Let’s discuss the "gift-giving" ritual. You spend weeks stressed out, running through shopping malls like a rat in a maze, listening to Mariah Carey scream-sing about what she wants (hint: it’s your money). You buy your dad socks. He buys you socks. You essentially swapped £20 notes but added a layer of wrapping paper waste to the transaction.
And if you don't buy a gift? You are a pariah. A Scrooge. You have ruined Christmas. "But I thought it was the thought that counts!" you cry. Incorrect. The receipt counts. If you didn't remortgage your house to buy a PlayStation 6 for your ungrateful nephew, do you even love him?
Your neighbors have turned their house into a landing strip for alien spacecraft. They have inflatable snowmen, 40,000 LEDs, and a mechanical reindeer that sings "Jingle Bell Rock" every 30 seconds. It looks like a clown vomited electricity on their lawn.

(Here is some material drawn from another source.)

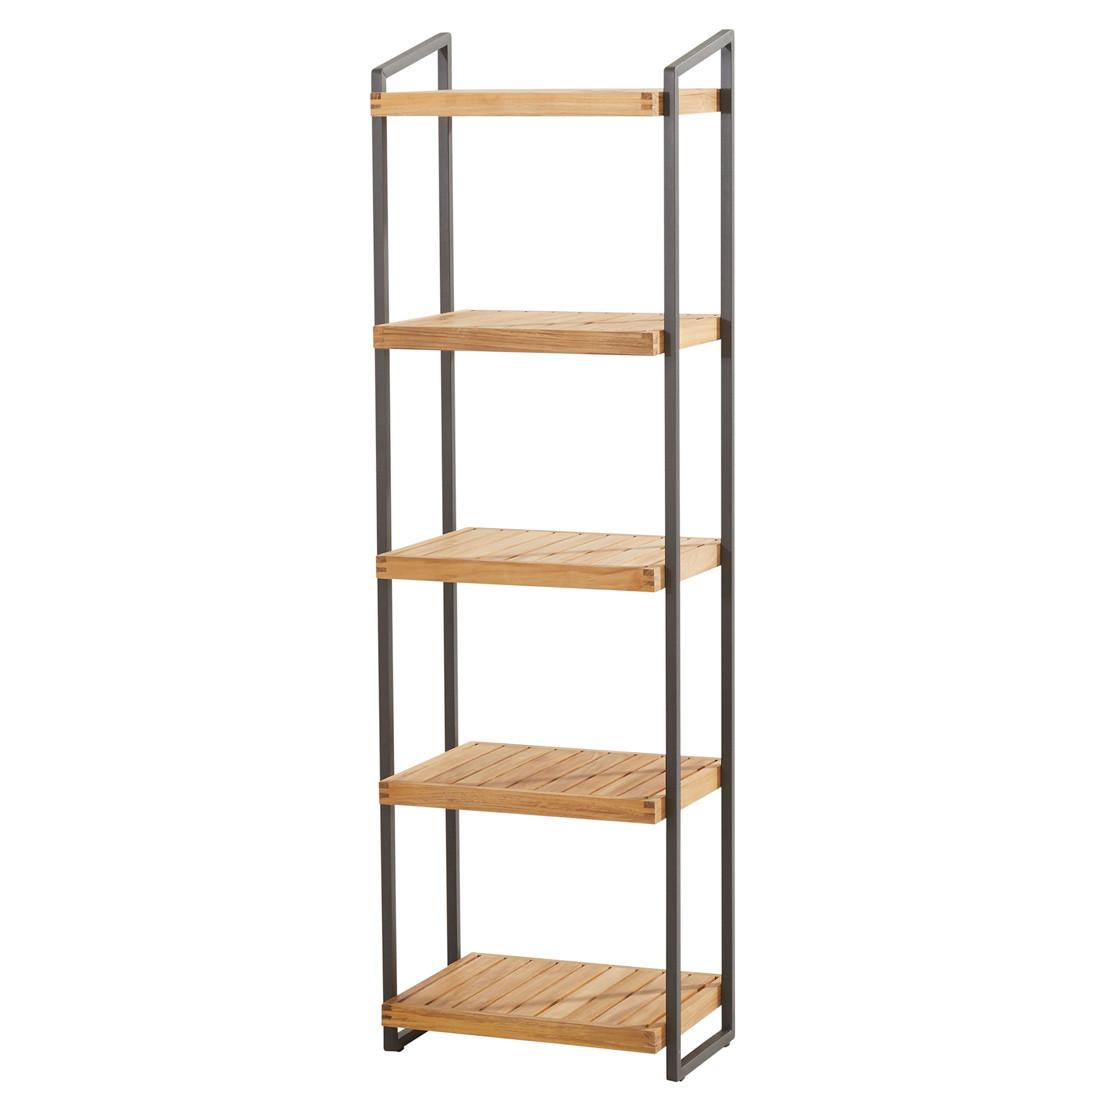 Rack with 5 shelves 50x40x175cm

Meanwhile, you have a sad, shedding tree in the corner that is slowly dying, dropping needles into your carpet that you will still be finding in July. You put a star on top to symbolize hope. Hope that this month ends quickly.
People talk about the "Christmas Spirit." As far as I can tell, the Christmas Spirit consists of being aggressively cheerful to strangers while secretly wanting to punch them in the throat for walking too slowly. It is the season of "Peace on Earth" celebrated by fighting over a parking spot at Tesco.

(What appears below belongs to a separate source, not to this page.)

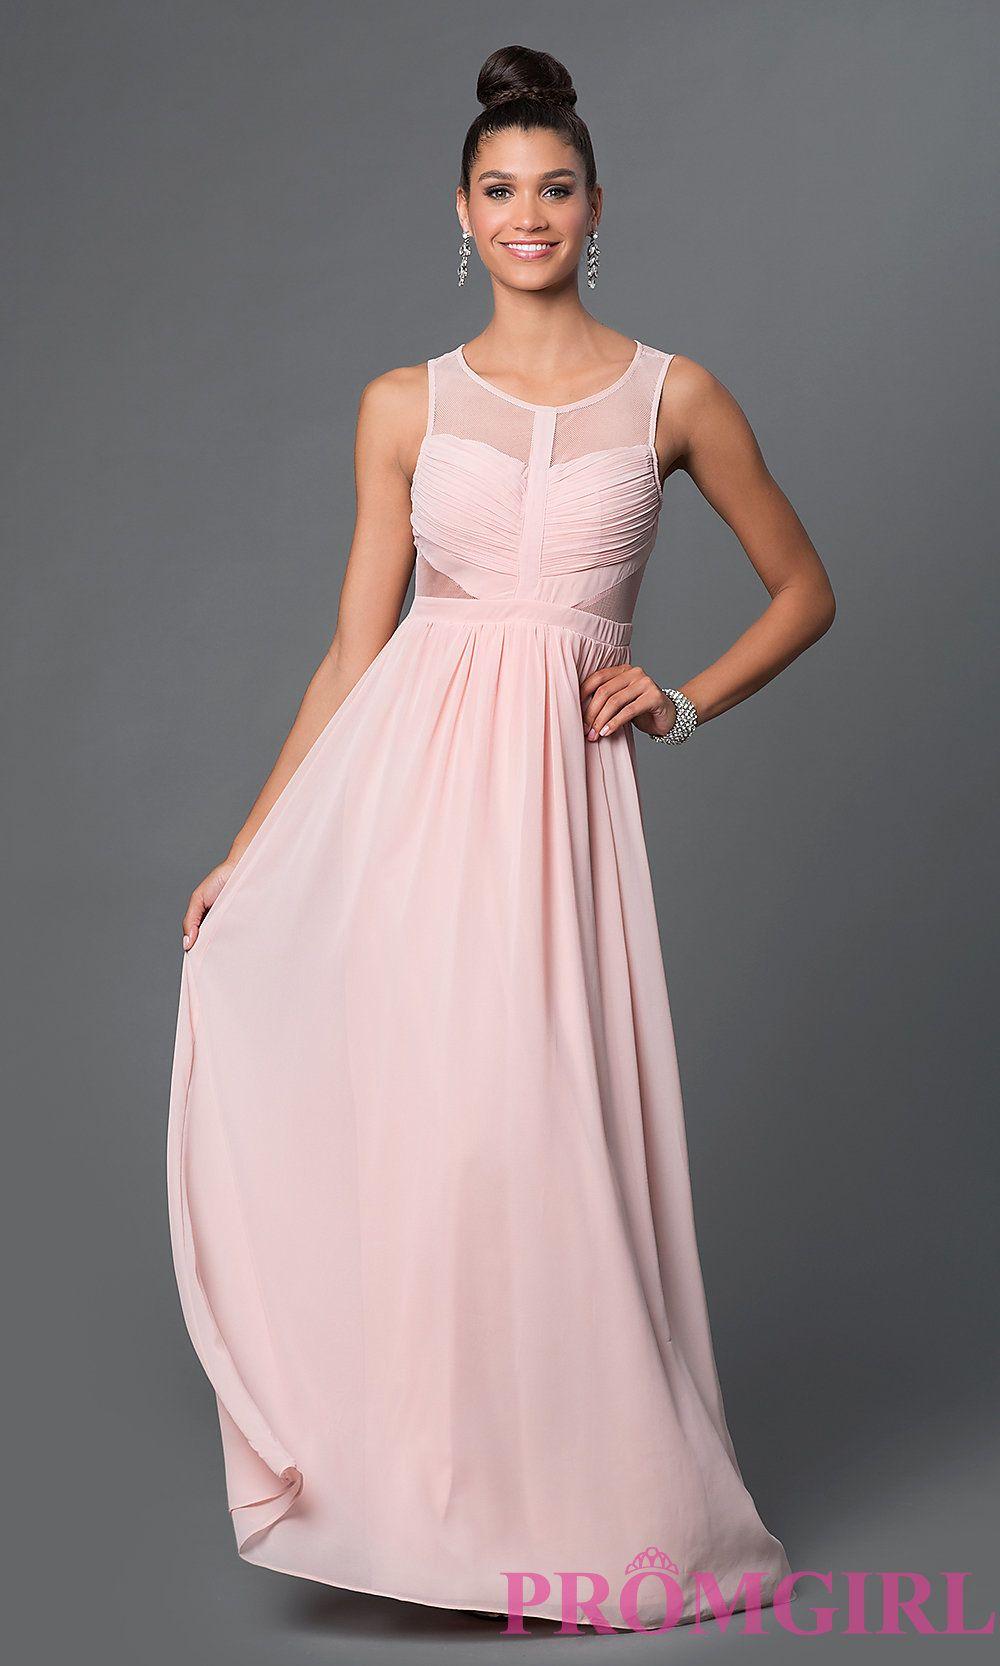 Image of long sleeveless side sheer cut out illusion back dress

We are told to be charitable. "Goodwill to all men." But try merging into traffic on Christmas Eve and see how much goodwill exists. You will learn new hand gestures. You will learn new combinations of swear words. That is the true spirit of the season: Road Rage.
So, pour yourself a drink. A large one. You’re going to need it to survive the Queen’s Speech (or whoever is doing it now) and the inevitable moment when your grandma makes a comment that silences the entire room.
Merry Christmas, you filthy animals. I hope your socks are comfortable and your turkey isn't poisonous. See you next year for the same disappointment.